Reference
Transition prefetch schema
The post-processed planner that says which pack to start streaming next, given the current pack and the analyzer's story-order graph.
~5 min read · 1357 words
On this page
A labor of love by Hunter Davis. The PS1 ships with a 2x CD-ROM drive. Cold-seek latency is around 150 ms; sustained read throughput is roughly 300 KB/s. Both numbers are an order of magnitude worse than the original DOS environment Sierra targeted. If the runtime waits until the player has walked into a new scene before it asks the disc for that scene’s pack, the player sees a stall. If it asks early — before the new scene is needed — the read can complete in the background and presentation never notices.
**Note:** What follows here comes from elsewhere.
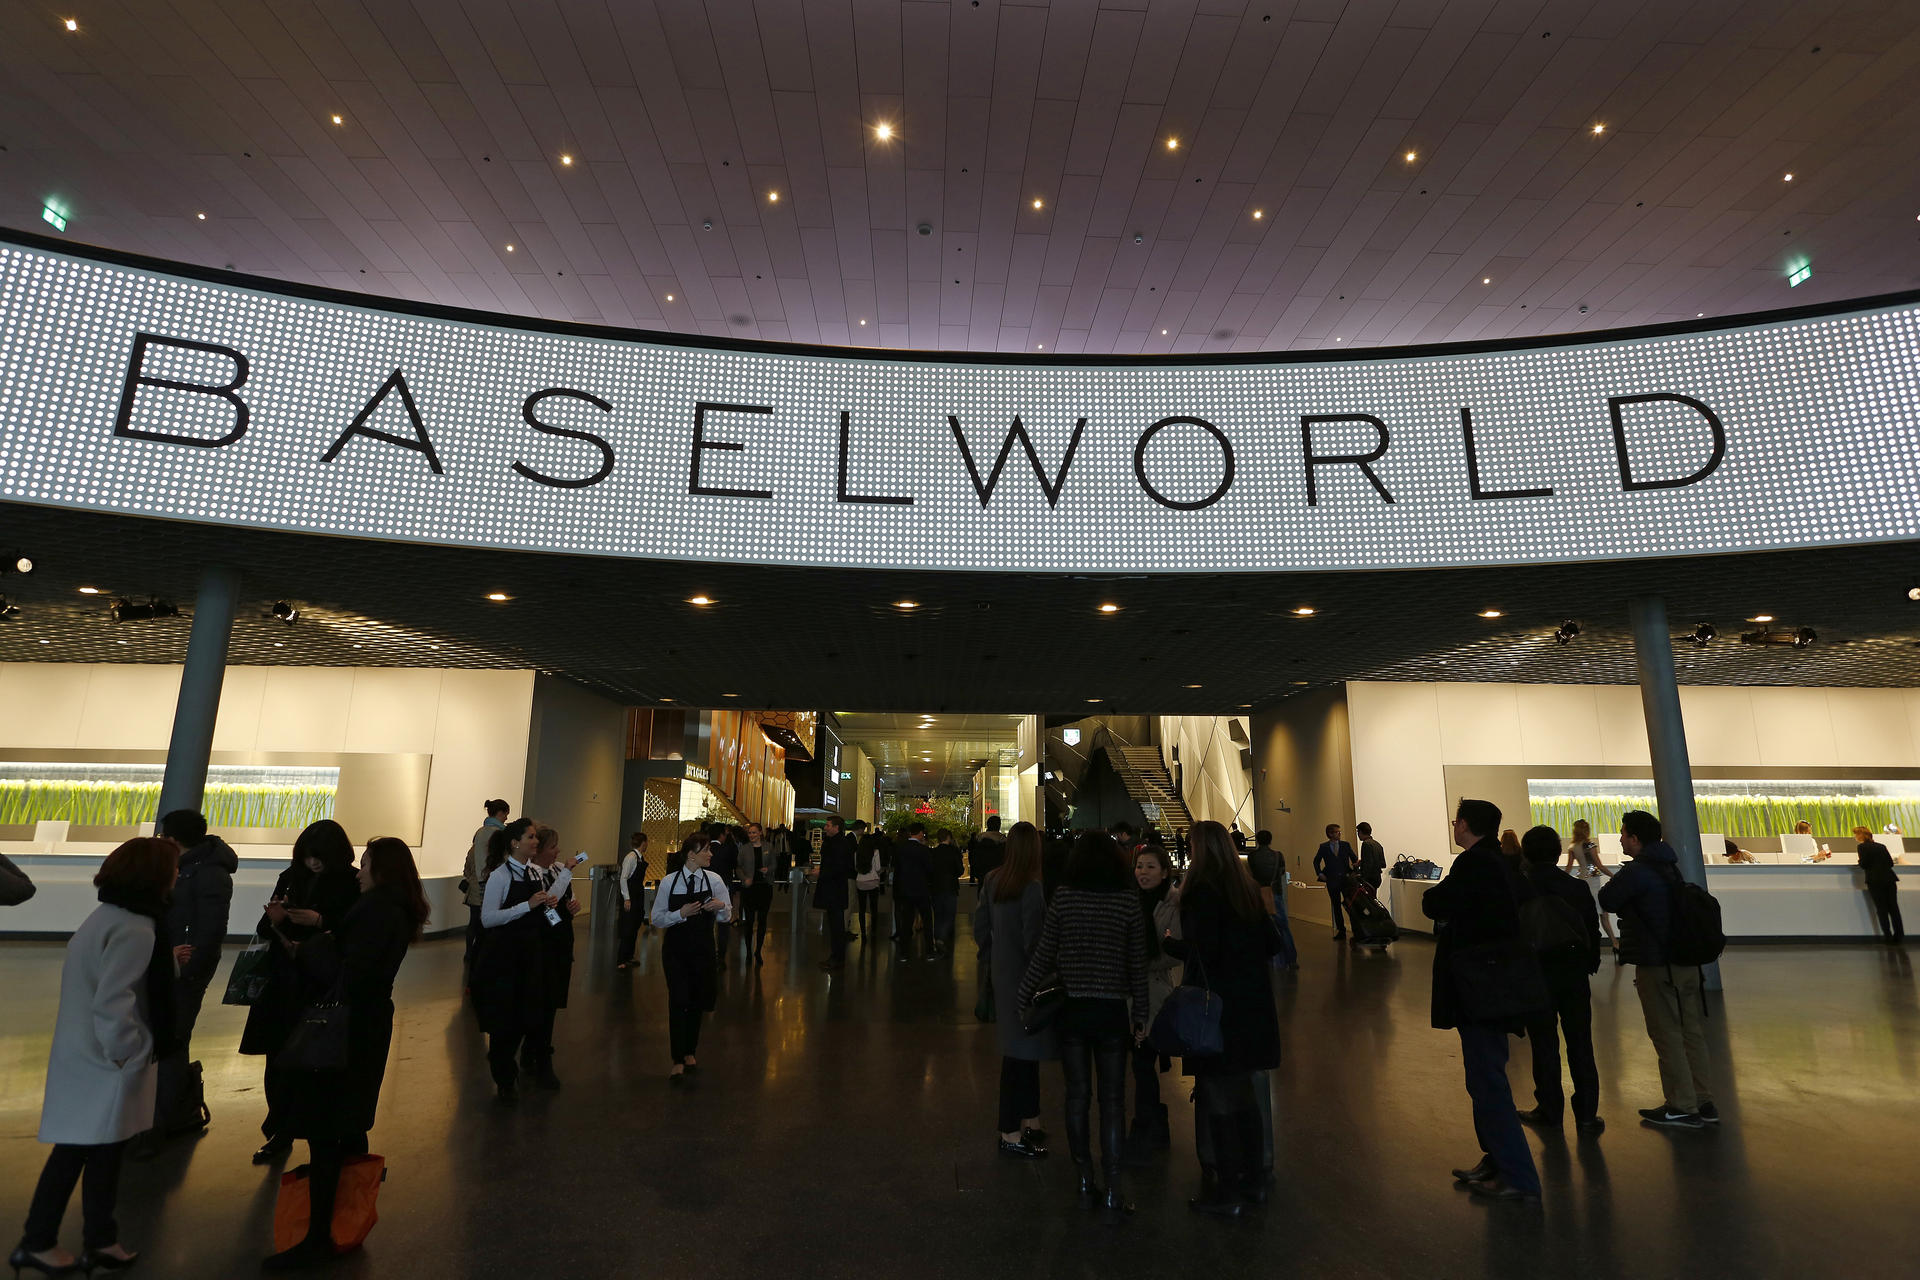 More than 1,400 companies displayed their latest innovations at the BaselWorld fair, one of the two major watch fairs held earlier this year. Photo: Bloomberg

Picking which pack to ask early for is the job of the transition
prefetch schema. It is a post-processing planner artifact, generated from
the scene analyzer’s output, that ranks pack-to-pack edges by how much
new data they introduce. The runtime does not read this file directly —
its content is folded into the
pack manifest’s prefetch_hints
section, and the foreground pilot reads that subset. The schema doc lives
at
TRANSITION_PREFETCH_SCHEMA.md.
This file documents the post-processed planning artifacts generated from
scene_analysis_output_2026-03-17.json. It exists so transition and
prefetch studies target the same field names the manifest uses.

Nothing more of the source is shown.